• _Data excerpt_
=== Begin Enclosure ===
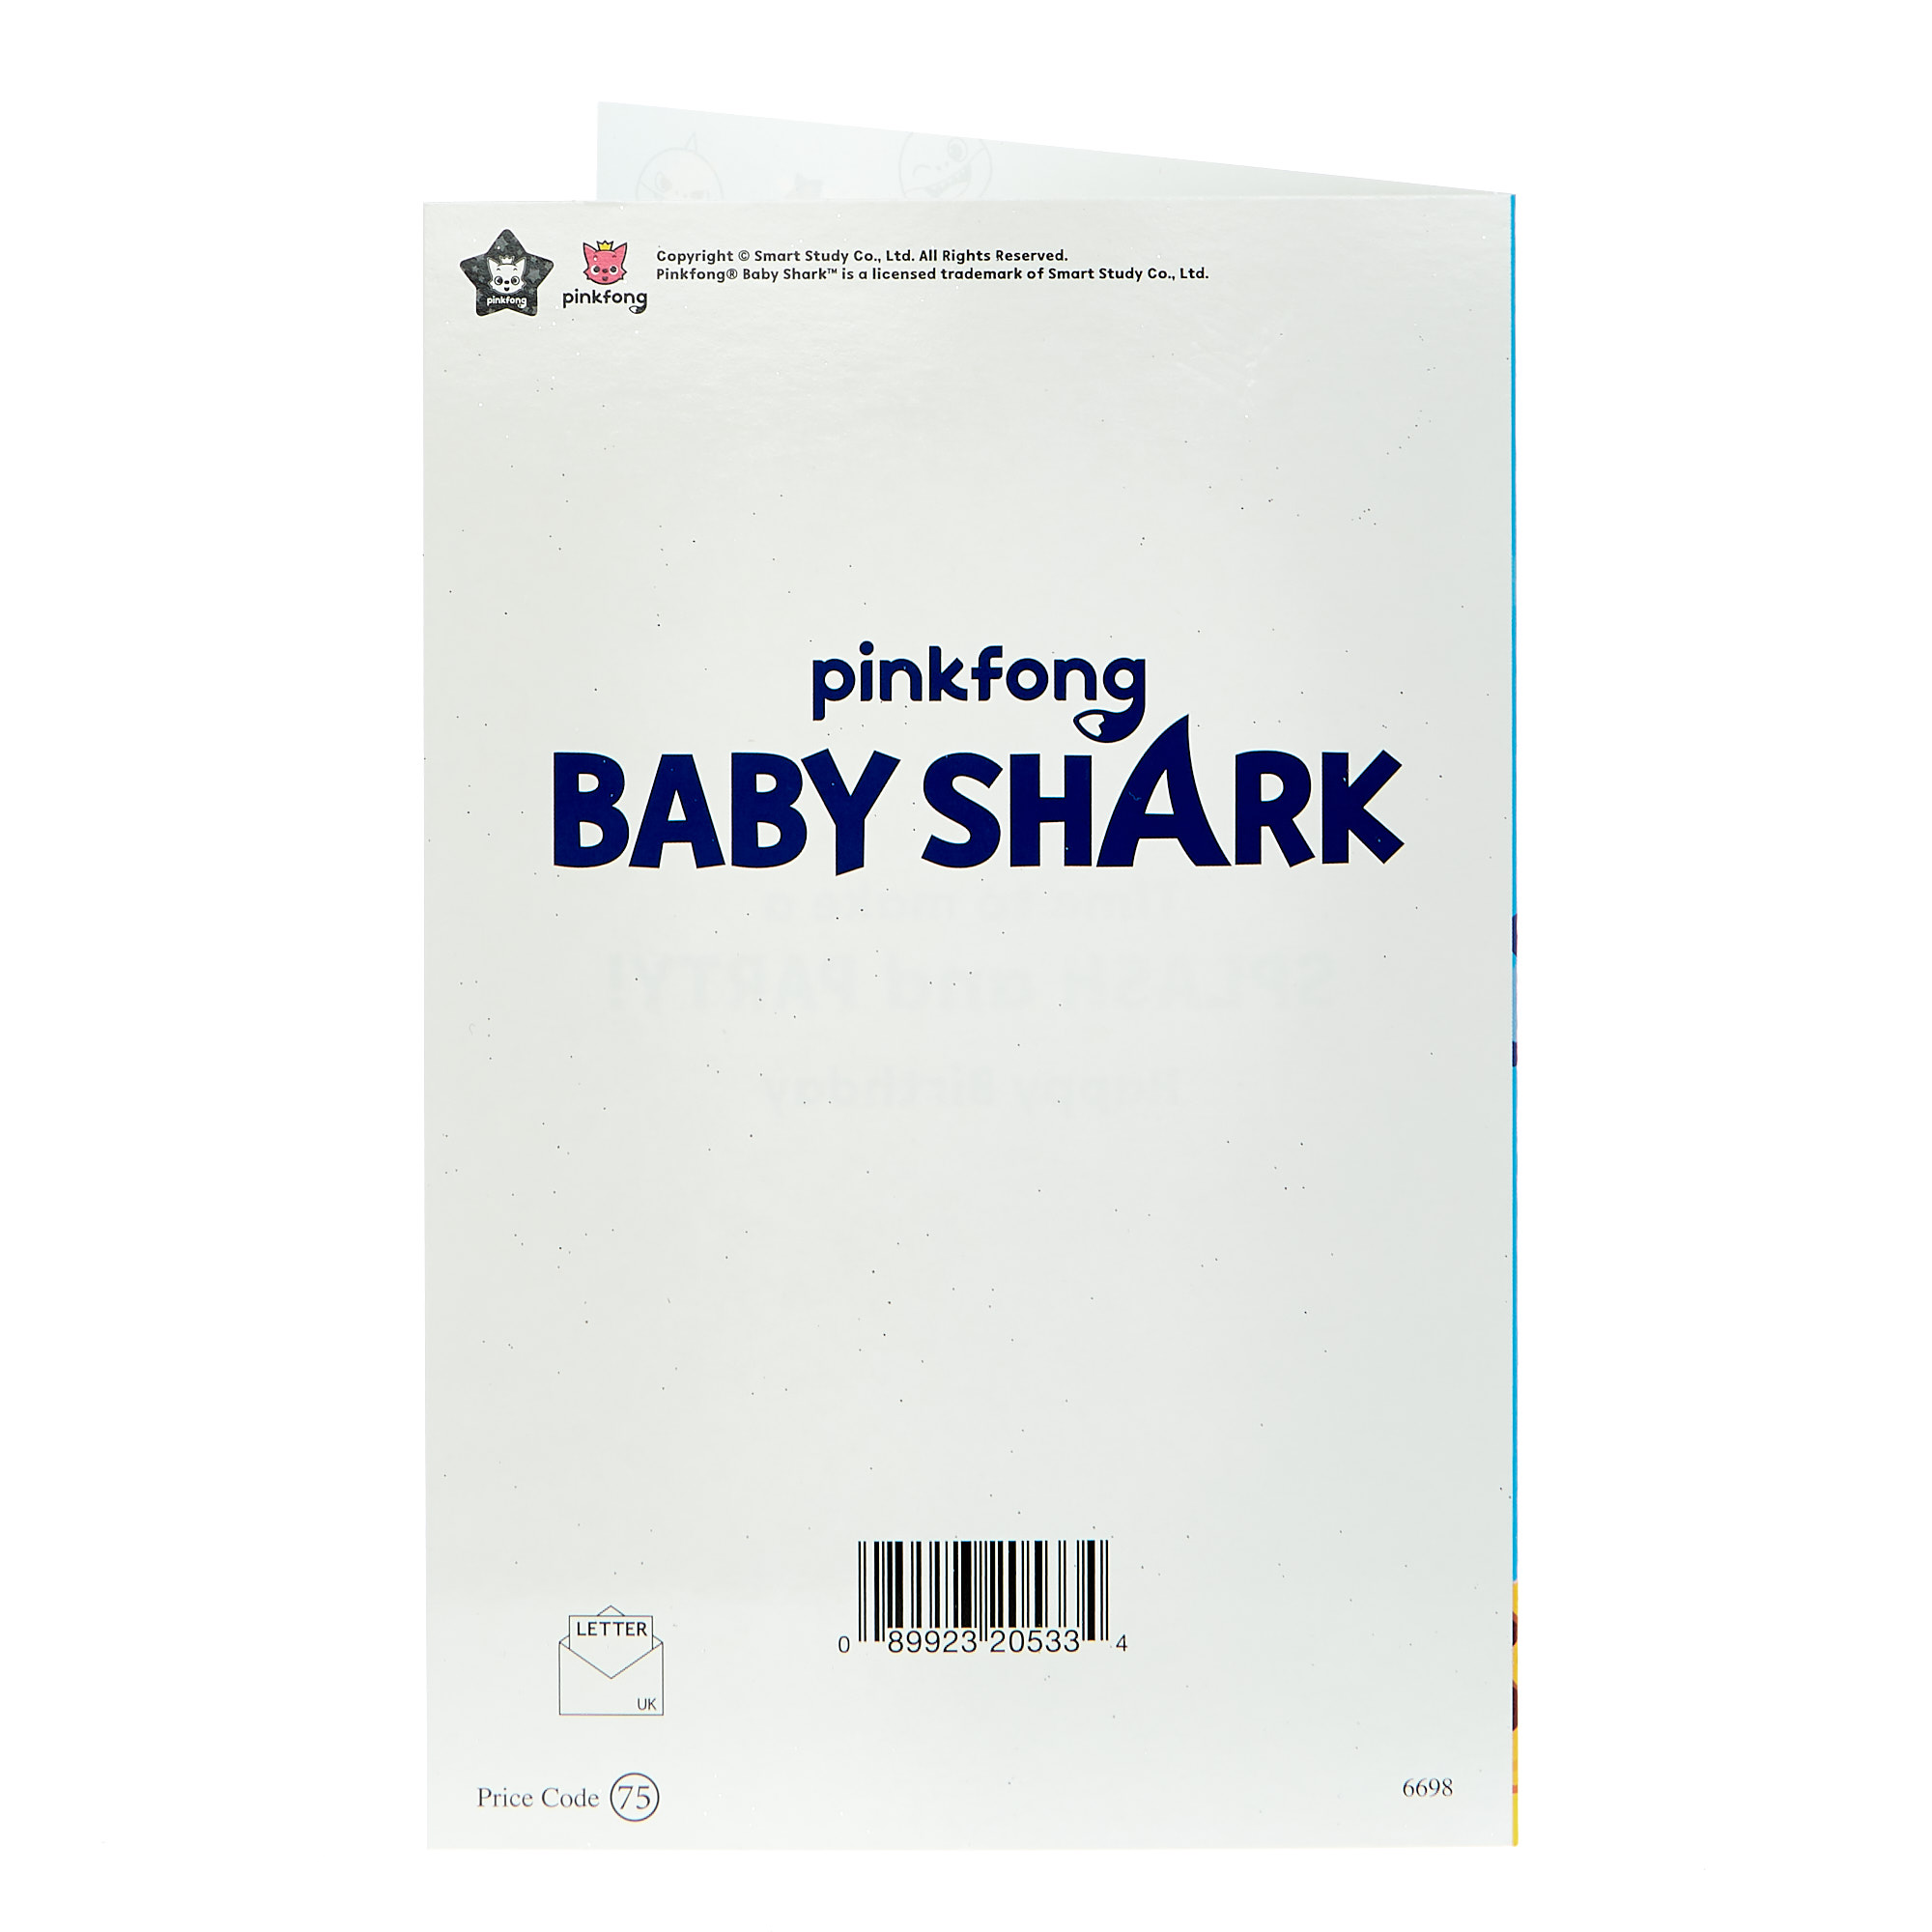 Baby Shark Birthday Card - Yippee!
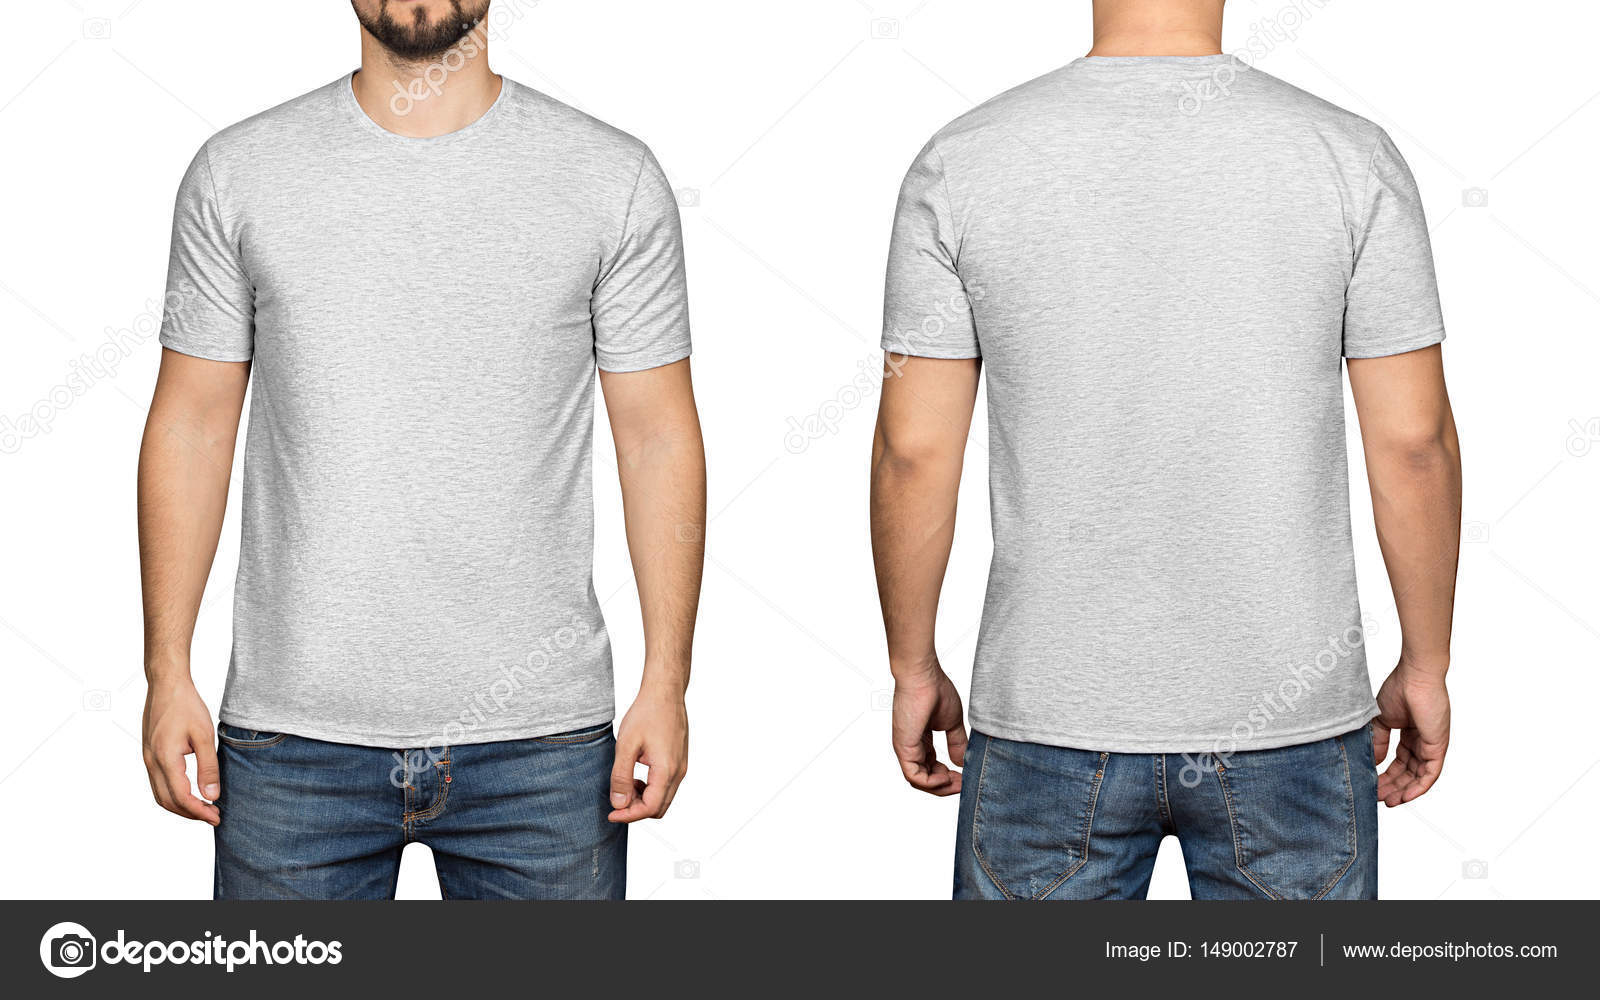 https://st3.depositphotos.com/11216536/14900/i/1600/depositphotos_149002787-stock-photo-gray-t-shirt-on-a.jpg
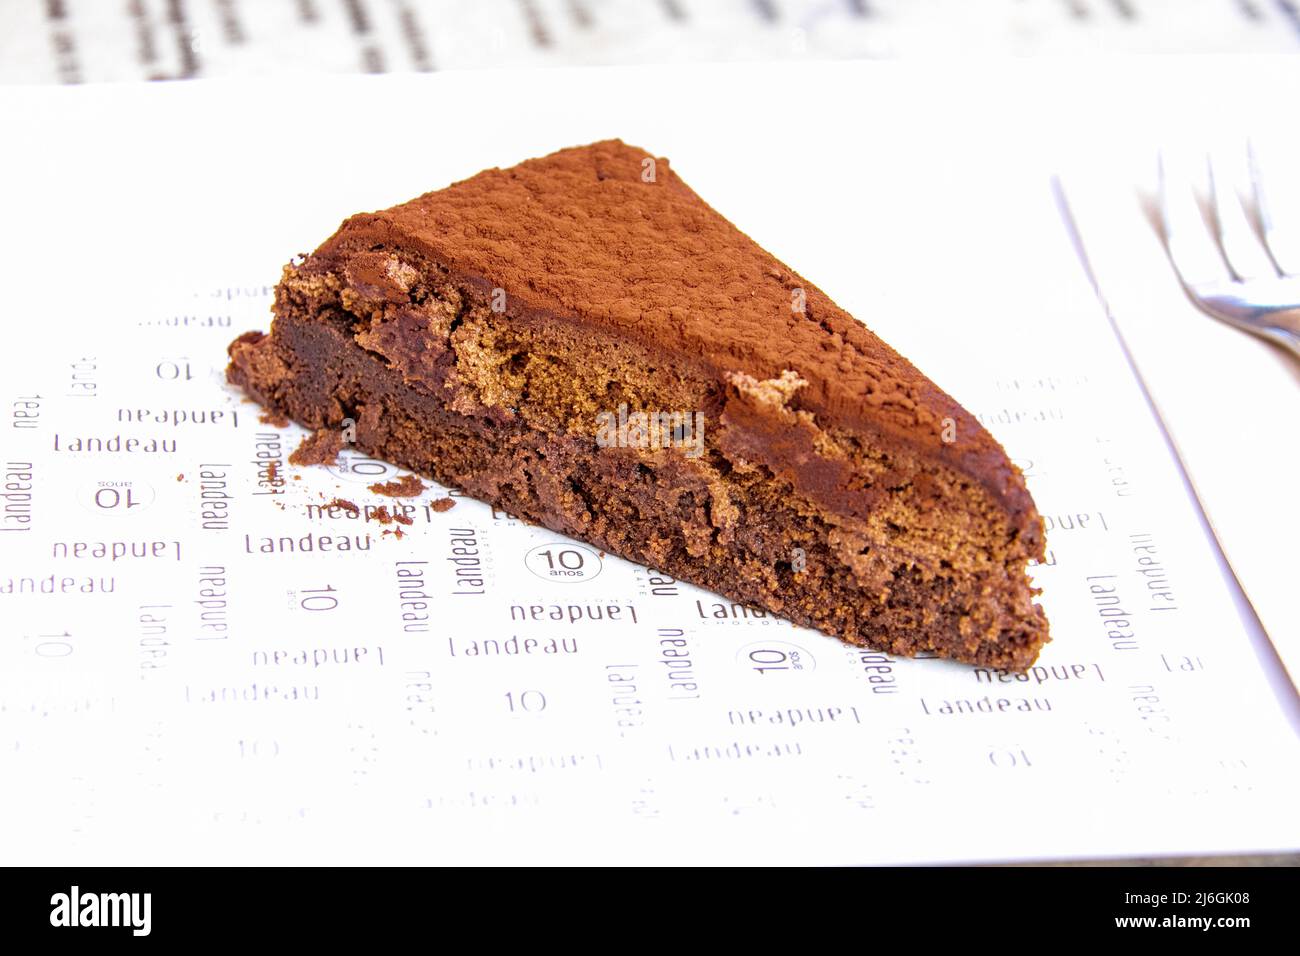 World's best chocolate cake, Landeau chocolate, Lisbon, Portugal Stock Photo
=== End Enclosure ===
• _Task to complete_
Copy the lines above exactly. Do not include pictures.

• _Response area_
 Baby Shark Birthday Card - Yippee!
 https://st3.depositphotos.com/11216536/14900/i/1600/depositphotos_149002787-stock-photo-gray-t-shirt-on-a.jpg
 World's best chocolate cake, Landeau chocolate, Lisbon, Portugal Stock Photo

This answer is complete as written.